2. Intermediate Plyometric Exercises.
o Jump Squats. Squat is a staple exercise in all workout regimes, the jump adds the plyometric element which helps to develop, power, strength, balance and coordination in the lower body predominately.
o Push Up Pop Up (In NDA we called these, “Crocodile Jumps”. The all-round exercise is a great way to develop a strong core whilst working out the pecs and shoulders. It is performed by starting from a classic push up position on the floor, hands beneath the line of your shoulders. Slowly lower your body down to the ground so your chest lightly touches the floor, then push back up to the start position with a hop and move forward.
3. Advanced Plyometric Exercises.
o Plyo-Push Ups. This exercise activates the fast-twitch muscle fibers in your chest, shoulders, and triceps. Developing these fast-twitch muscle fibers helps to build strength and muscle mass, you can utilize this development to perform ‘explosive’ exercises quicker and more effectively. It is performed by starting in the top of the classic push up position on the floor, with your hand’s shoulder-width apart, abs tight and back straight, slowly lower your chest to the floor. Immediately push back up with enough force that your hands leave the floor and land back in the starting position. Land lightly on to the ground, that’s one rep, so move into the second rep straight away. As your hands leave the ground during the ‘explosion’ phase you can even clap your hands quickly before landing in the starting position.

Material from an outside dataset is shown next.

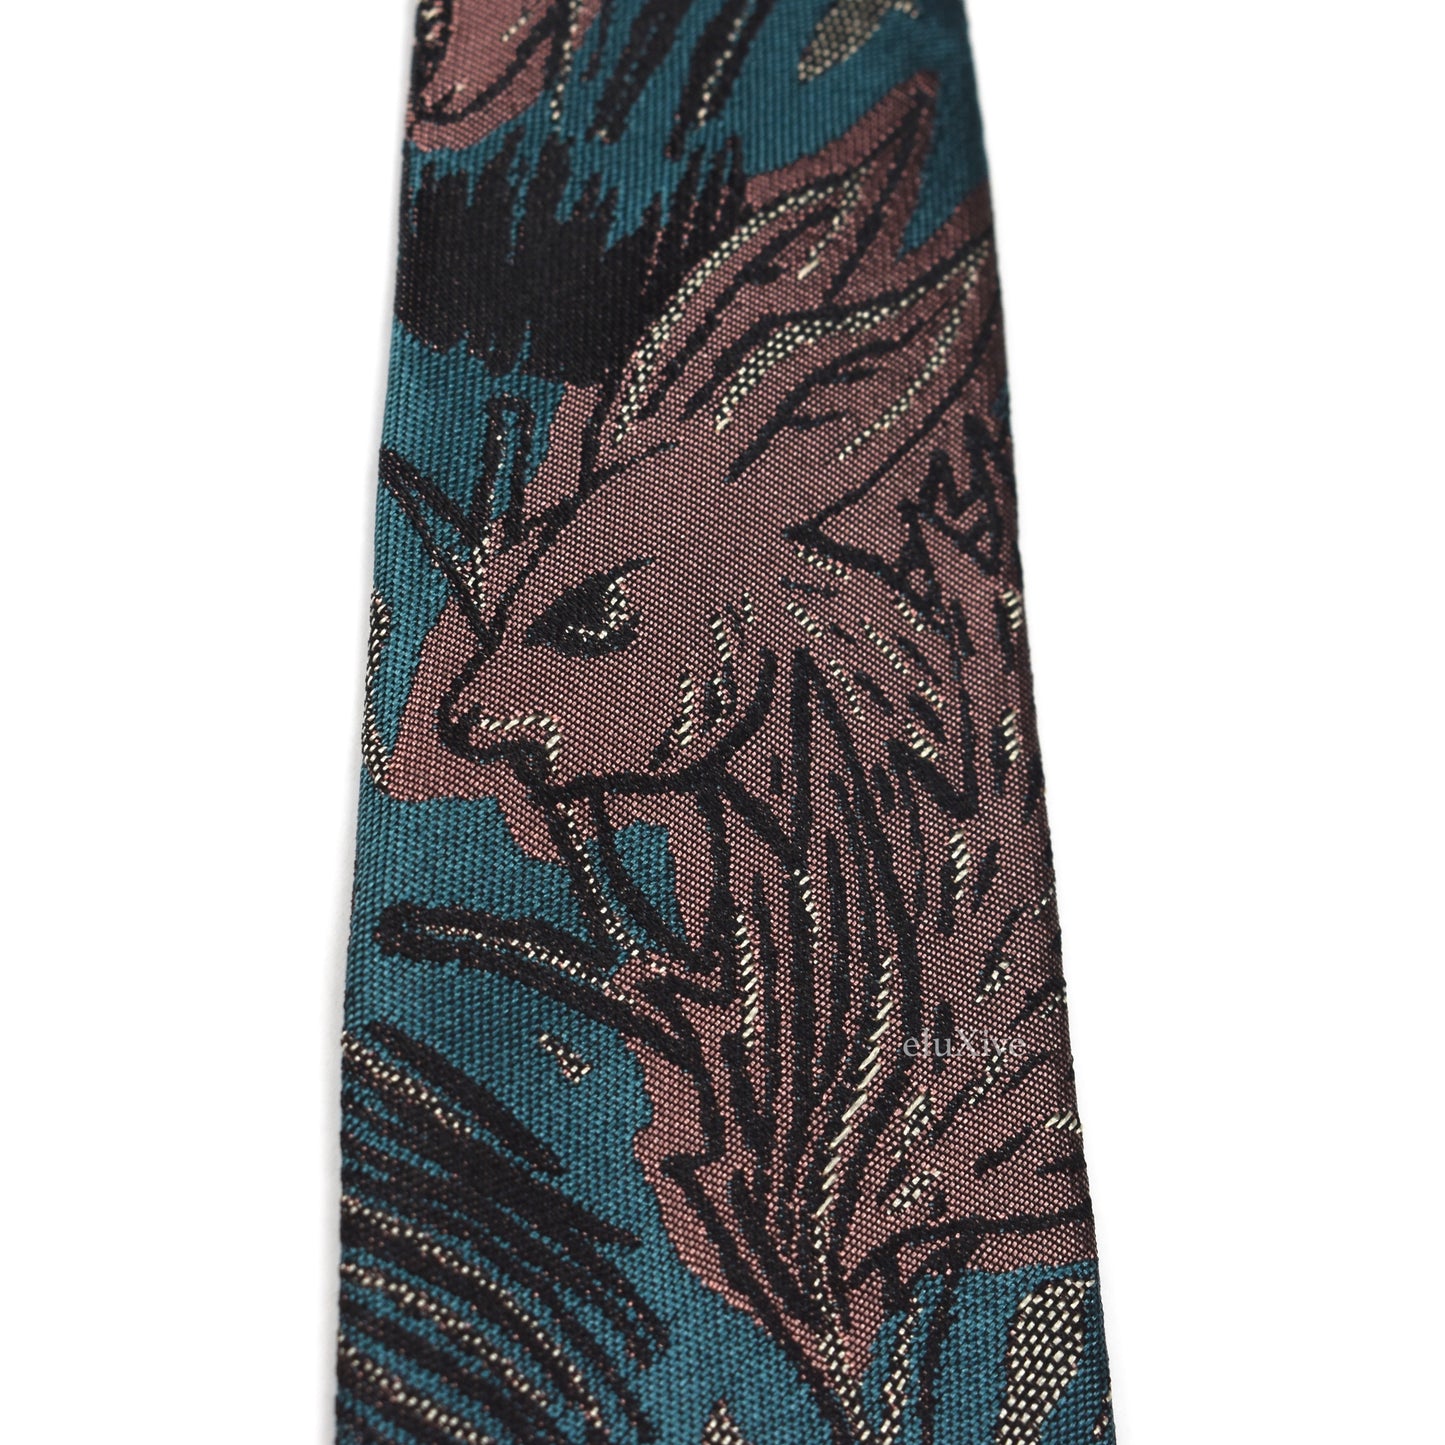 Burberry - Woven Animal Artwork Tie (Turquoise)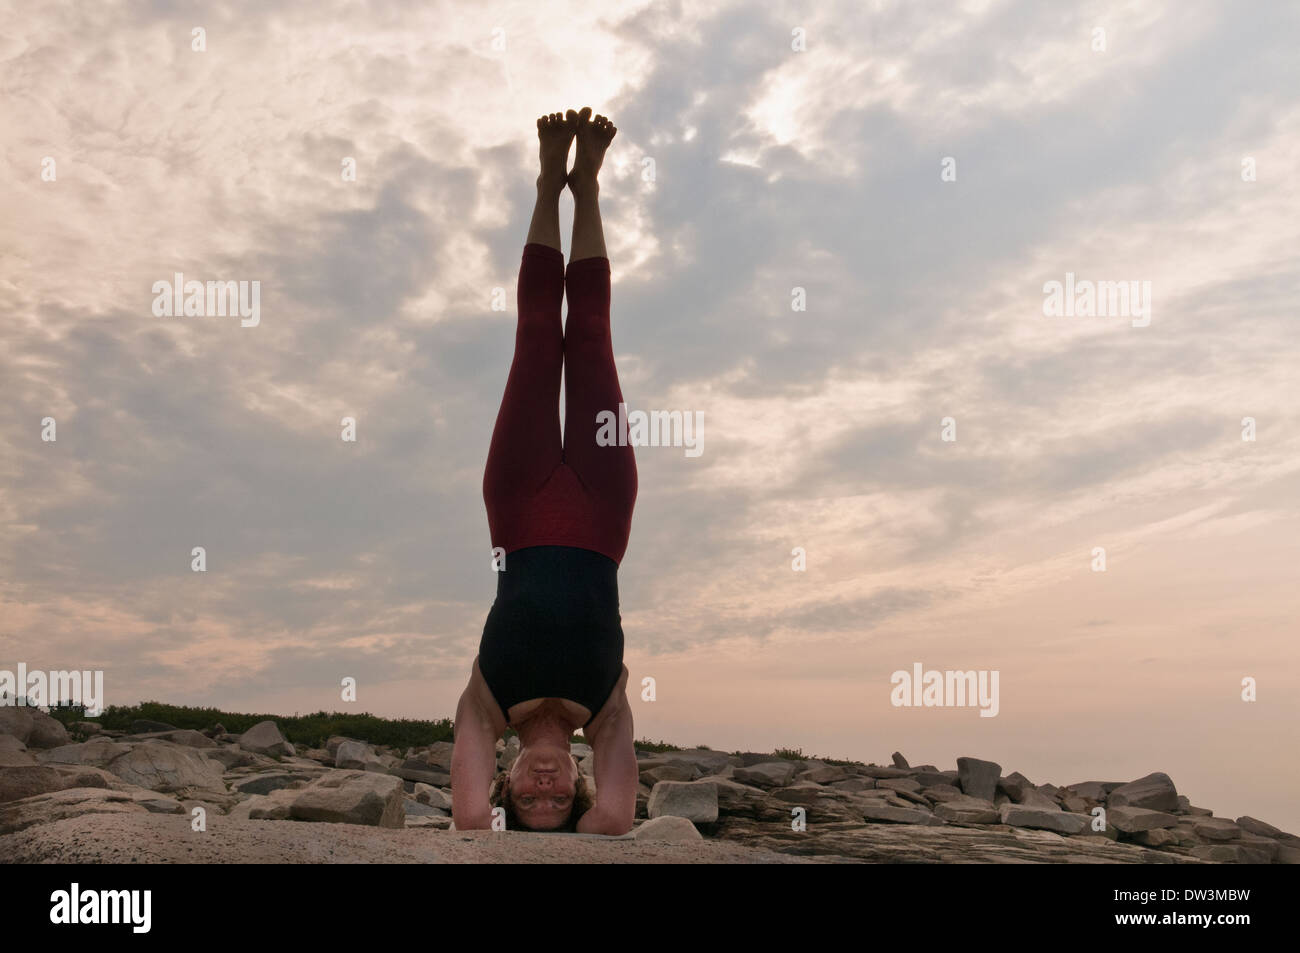 Iyengar Yoga Instructor Demonstrates Sirsasana (Inverted). Stock Photo

o Depth Drop Jump. This advanced plyometric exercise will improve athletic performance. The drop jump increases explosive power, so your muscles can produce as much force in as little time as possible. Way to Performance: Stand on top of a box, step off the box with both feet landing softly at the same time shoulder-width apart. As you land immediately jump straight back up into a vertical jump as high as you can, landing softly once more, that is one repetition.
As you become more skillful with the exercise you can increase the height of the box you are dropping from or increase the height of your jump by jumping back up on to a different box or surface.
Sportspersons Utilizing Plyometric Exercises
You would have seen gymnasts take off for the vault or land and immediately bound in floor exercise routine. You would have seen triple jumpers hop, land on one leg and immediately bound and then perform the final jump. All jumping and bounding exercises are plyometric exercises. All modern sportspersons utilize these exercises from track and field athletes to all types of jumpers, Basketballers, Volley-ballers, Footballers, racket game players, weight lifters, Boxers, Wrestlers, MMA fighters, throwers and so on because explosive power is needed. Plyometric exercises will develop power in the muscles without making them bulky. Just visualize the built of jumpers. They definitely have a lot of explosive power yet are not bulky.
Guidelines to Avoid Injuries
1. Perform plyometric exercises on soft ground, wooden flooring, rubber flooring and not on hard surfaces like road, concrete and Tennis hard courts.
2. Please do not lock the knees; keep them slightly flexed to have a soft landing.
3. Warm up before the exercises.
4. Do not perform advanced form of leg plyometric exercises unless you have the ability to squat up to your body weight, implying that if you weigh 60 kg then you should be able to do a full squat with 60 kg on your shoulders.
5. Do not perform “Crocodile Jumps” unless you can comfortably do 30 push-ups comfortably inside one minute.